Saturday, January 23, 2016

Crazy how when Im gone my family bitches and complains about how they miss me but when I'm here they just wanna ask me to do shit... Thats annoying as fuck and it reminds me on why I should stay gone. I need to make some plans shake so I can grow and get the fuck on. I just wanna be by myself. lol I swear I do with no issues, no worries, just chill vibes. I doubt THAT will happen unless I'm dead and gone.

Speaking of dead and gone, why is that people always treat you like shit when your on earth but the second you die everyone that knew of you cries and does the fool. You weren't doing the fool when you saw me struggling so why do it when you can't help. Its like level two of the bystander problem. For those who do not know what the bystander problem is, its a pysc term that basically shows that when one is in trouble and millions are around, they would look and witness rather than help. Its the idea that everyone thinks that some ONE is going to jump in and help but they don't because they think someone else will so they don't. Its pretty upsetting. How would you feel if someone was beating your ass in the middle of the street and everyone witnessed and didn't help. Thats a suck ass feeling.

Kinda how I feel sometimes.  Family, friends, social media followers, associates, co workers... all my Bystander problem. ALL watch me get my ass beat by life and not for one second try to take it off me. I always give give give give give help and stuff to my family which is right cause its family but can I just sit down for one day without being bothered since yall MISS me so much. Just saying.

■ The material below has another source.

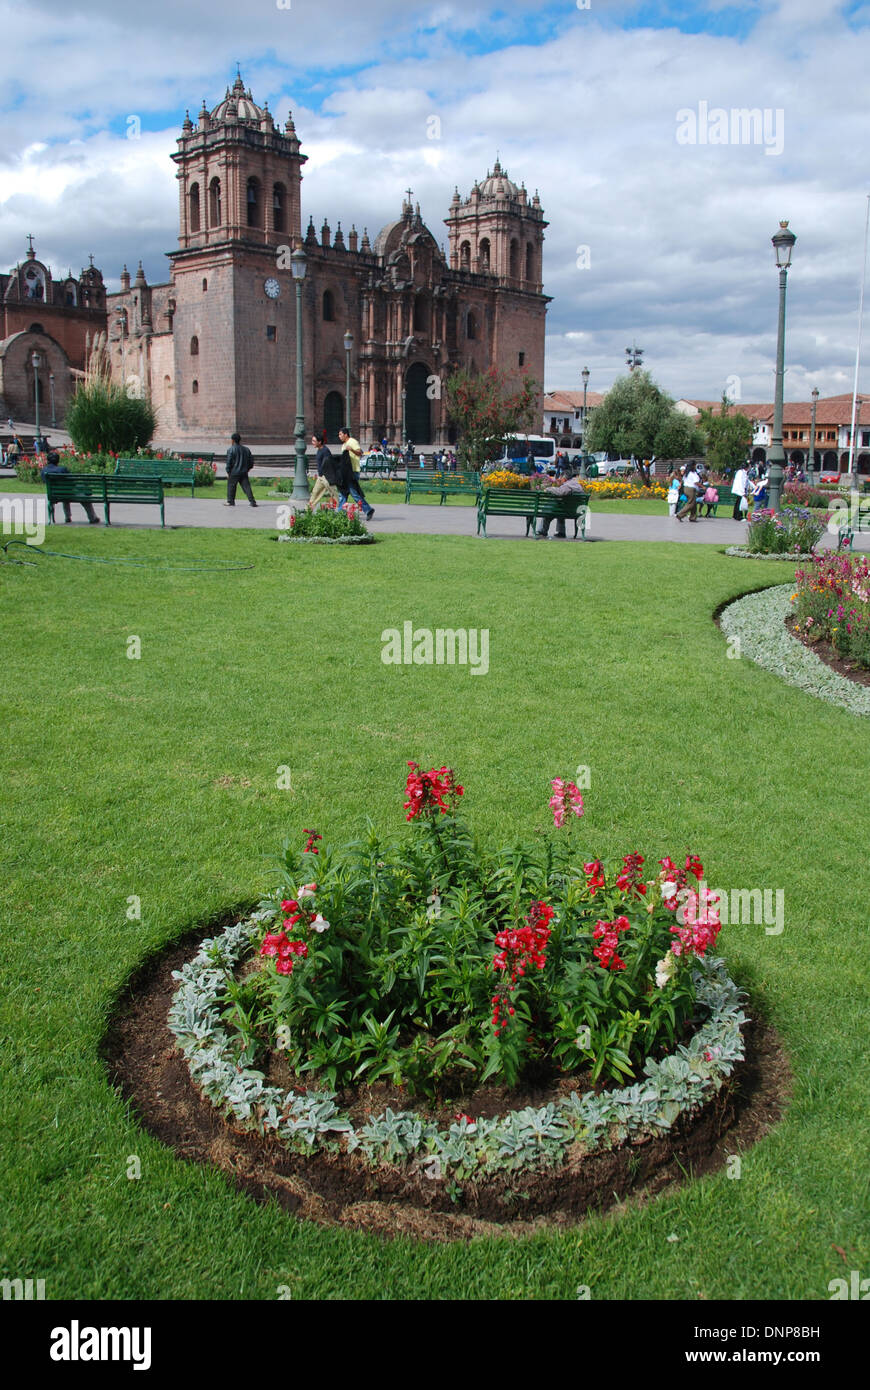 View of Cuzco Cathedral in Peru, with park flowers in the foregound Stock Photo

Its very contradicting when my siblings bitch and vent about their jobs but when I wanna do it they don't want to hear it. Im just a big person on balance and not when its coo for yall. I just wanna go away on a island and build a life there. I don't wanna deal with the bullshit. I know who ever is reading this is lost on my topic. At this point I am just rambling about the bullshit that I deal with and trying to get it all out of my head.  Isn't that what blogging is for?